Do it! Quick and proactive

5. If you see one you want, get it
This step was absolutely key for us, as we ended up with only a small handful of appointments, with multiple other groups of potential renters turning up at each. Our flat was only the second one we viewed, (and the first Euan had viewed), but we liked it, it was 5 minutes walk from Karen and I's uni, beside a bus stop for Euan's, and on the third floor of the building (more light, less neighbours, city centre rats tend to be on lower floors..) So after the viewing, we sat down in a cafe and simultaniously decided to get it.
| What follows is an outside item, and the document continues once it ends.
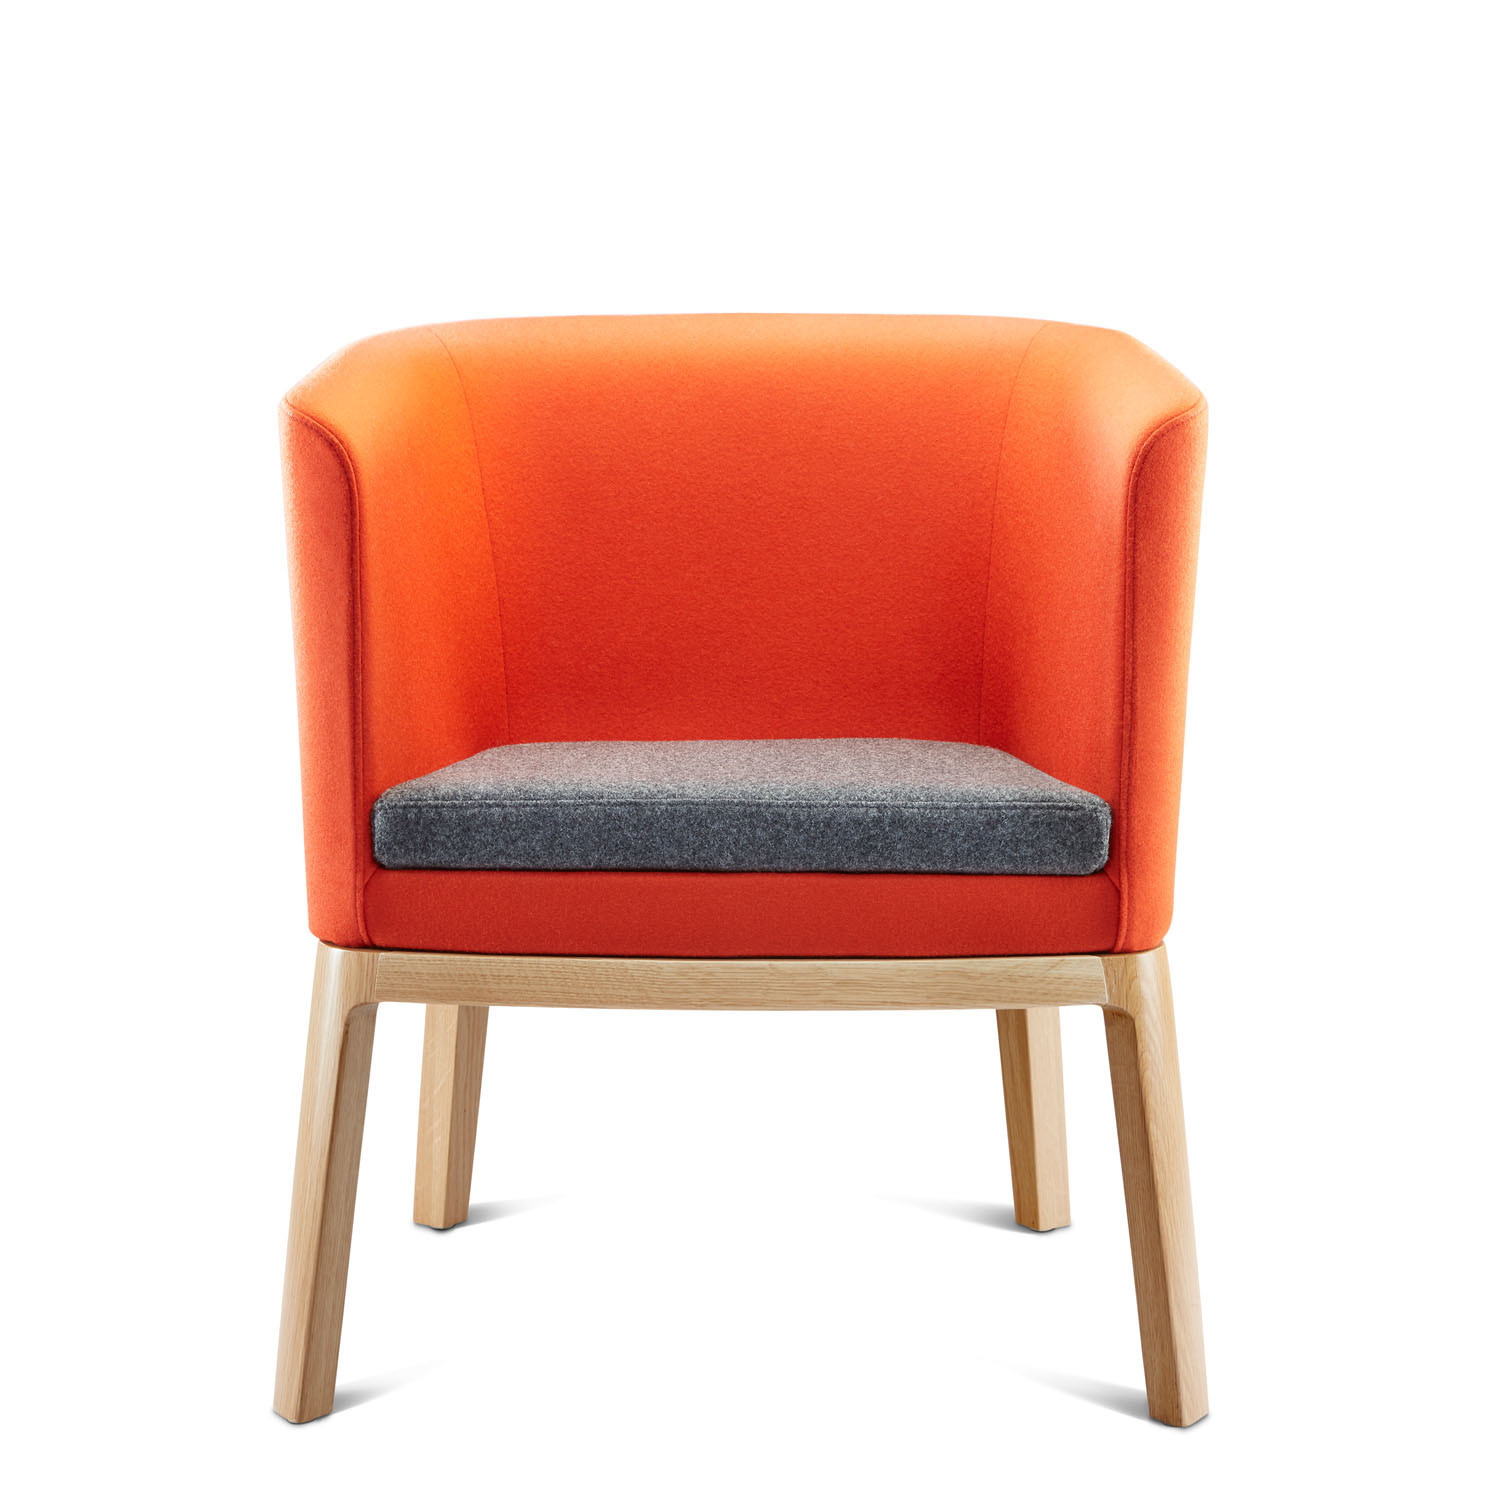 Crown Chair from Roger Webb Associates

We then immediately went to the estate agent to get forms, and then came in with the deposit at opening time the next day - Keen Beans! 
Be decisive

6. Talk to the Agents
We pushed through our commitment to rent the flat very quickly, before any of our parents had either seen the flat or talked to the estate agents. This then made the following couple of weeks quite confusing, as we found out new things about it, and got told conflicting information about the rent, signing the lease, etc. Make sure you're talking to someone who knows what they're talking about in the estate agents - we suffered from doing the opposite..and discovering this a couple weeks later. Get your parents involved - it may be your flat, but no doubt they're paying for it, and will know more about all the mumbo-jumbo the estate agents are telling you, than you will. Let the adults do the talking (but make sure you're listening!)
Get informed

7. Pay up
First you shall be asked for a sum of money as a deposit which you shall get paid back at the end of the lease period, if you haven't damaged the property during crazy (drunken) antics like those which feature on How I Met Your Mother (my favourite tv show btw). After this you will need to pay your first month's rent as well as agent fees before you sign the lease and move in! Make sure you know what you're paying
Get on top of it

8. Sign the Lease
This is quite an exciting part for the 18 and olders, because you get to sign (possibly your first) legal documents! You're actually meant to get your parent/guardian (the fancy word in this scenario being guarantor) if you are under 17. Euan didn't abide by this, yolo and all. This is quite a lengthy process as there is a lot to read in the lease! A tip is to ask the agent's to send it via email to your parents before lease-signing day so that they can pick up on any unusual things which you may skip over. And you will probably need to have one person sign the bottom of each page - if you volunteer for this, beware, there are hundreds of pages to sign! Also, you don't all need to sign on the same day - but you will only get keys if you have both signed the lease and payed your rent.
Clue up

Well as far as 'flat hunting' goes, you're there! Well done! This is the stage we are currently at, because we pick up the keys on Monday to move in! 3 days time - so much Erhmagerd. I seem to have an inability to pack.